The Washington County Closed-Circuit Educational Television Project was the first closed-circuit television network in aiding elementary school teaching by the use of television. The project took place in Washington County, Maryland, and started in September 1956.
The person in charge of the project was William M. Brish, who was the Superintendent of Schools for Washington County.[1] The motivation for the project was that the county school system did not have enough teachers with sufficient training. Two large institutions, the Ford Foundation's Fund for the Advancement of Education and the Electronic Industries Association, sponsored the project and gave almost $1,500,000 during the course of the project.[2] This included $200,000 per year given by the Fund and the donation of $300,000 worth of equipment from a number of manufacturers via the Association. The project was distinct from other early efforts at educational television that relied upon broadcast stations.[1]

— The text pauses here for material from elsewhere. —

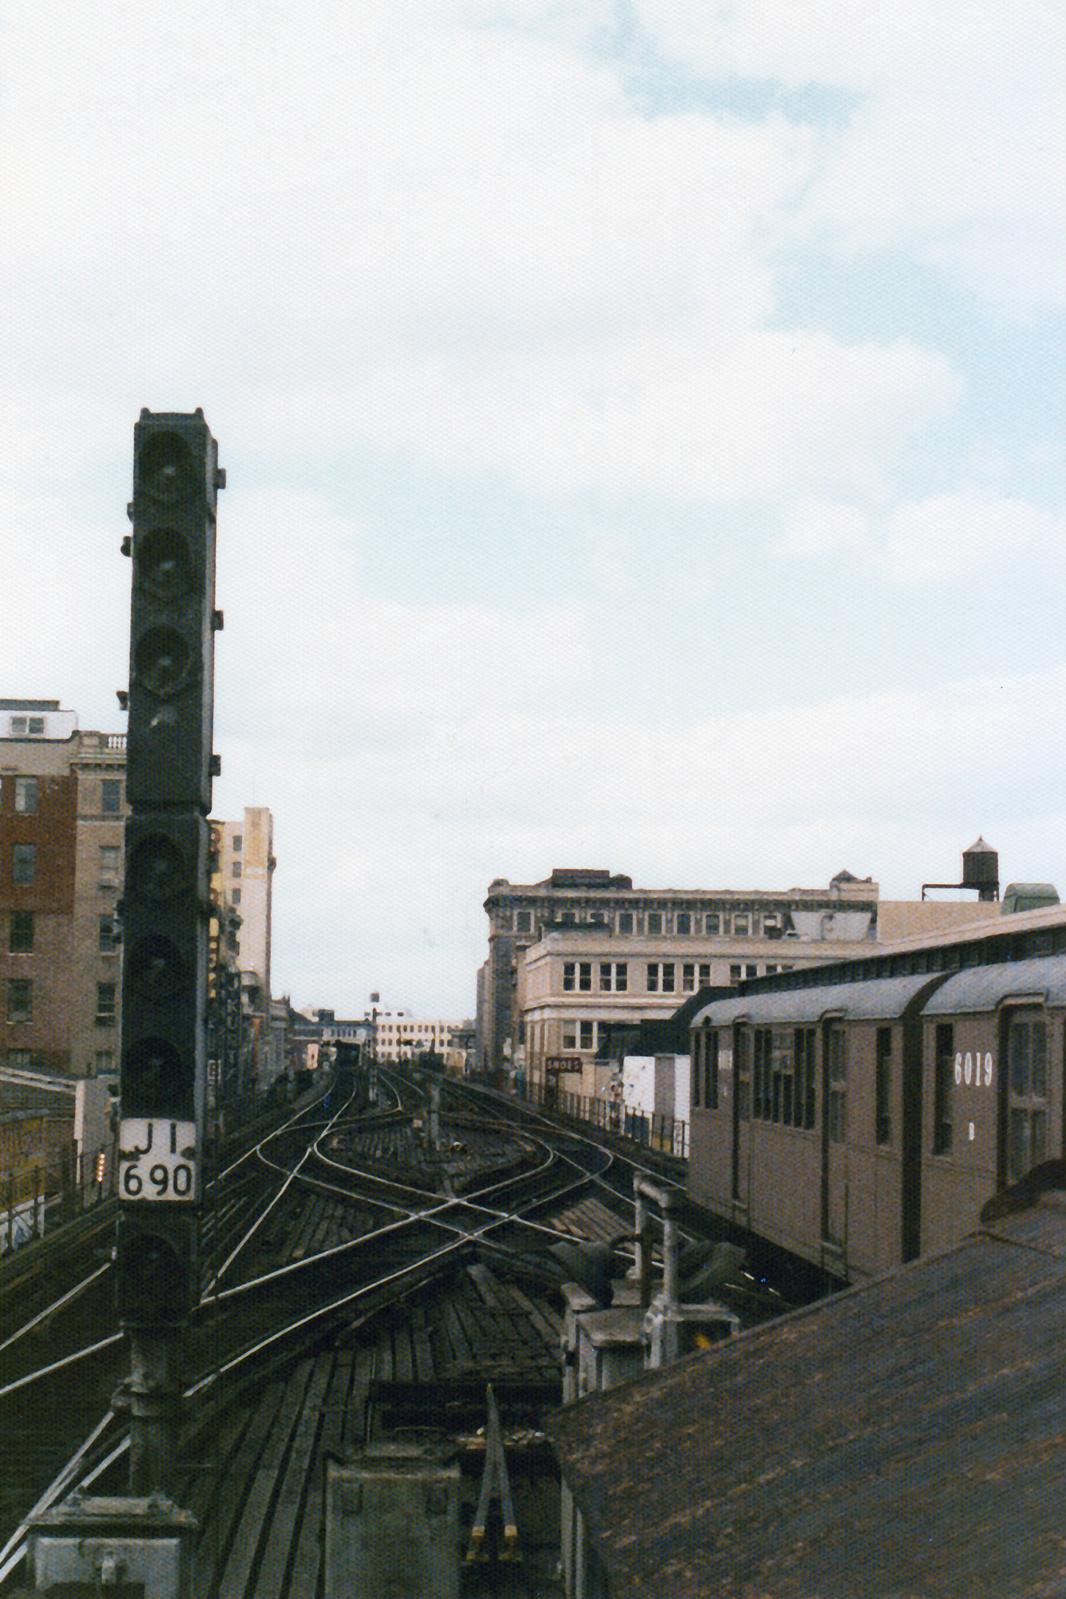 (821k, 1066x1599)<br><b>Country:</b> United States<br><b>City:</b> New York<br><b>System:</b> New York City Transit<br><b>Line:</b> BMT Nassau Street-Jamaica Line<br><b>Location:</b> 168th Street (Demolished)<br><b>Route:</b> Fan Trip<br><b>Car:</b> BMT D-Type Triplex 6019 <br><b>Collection of:</b> Nicholas Fabrizio<br><b>Date:</b> 9/1/1977<br><b>Viewed (this week/total):</b> 1 / 604

The project had national visibility; The Austin American newspaper in Texas referred to it as a "pioneering" effort.[1] Several reports on the project, during and after its duration, were prepared for the Society of Motion Picture and Television Engineers and presented in that society's journals and at its conferences.[2]
The first year of the project saw eight elementary schools, with some 6,000 students, using the television system. Then during the second year, seven more were added.[1] From its first year in use, Brish considered the project a success; however, he emphasized that it was not a replacement of traditional methods, telling a teachers' conference that "Television is not a teaching process. It does not replace the teacher or the book."[1]
The project that had started in 1956 progressed to provide simultaneous telecasting to some 19,000 elementary students in the 45 county schools by 1962. As described by a member of the Board of Education of Washington County as part of a series on education television published in 1962 by the Bangor Daily News in Maine (where a debate on the merits of educational television was taking place), the television production facilities that the county used were the equal of those possessed by many commercial television stations.[3]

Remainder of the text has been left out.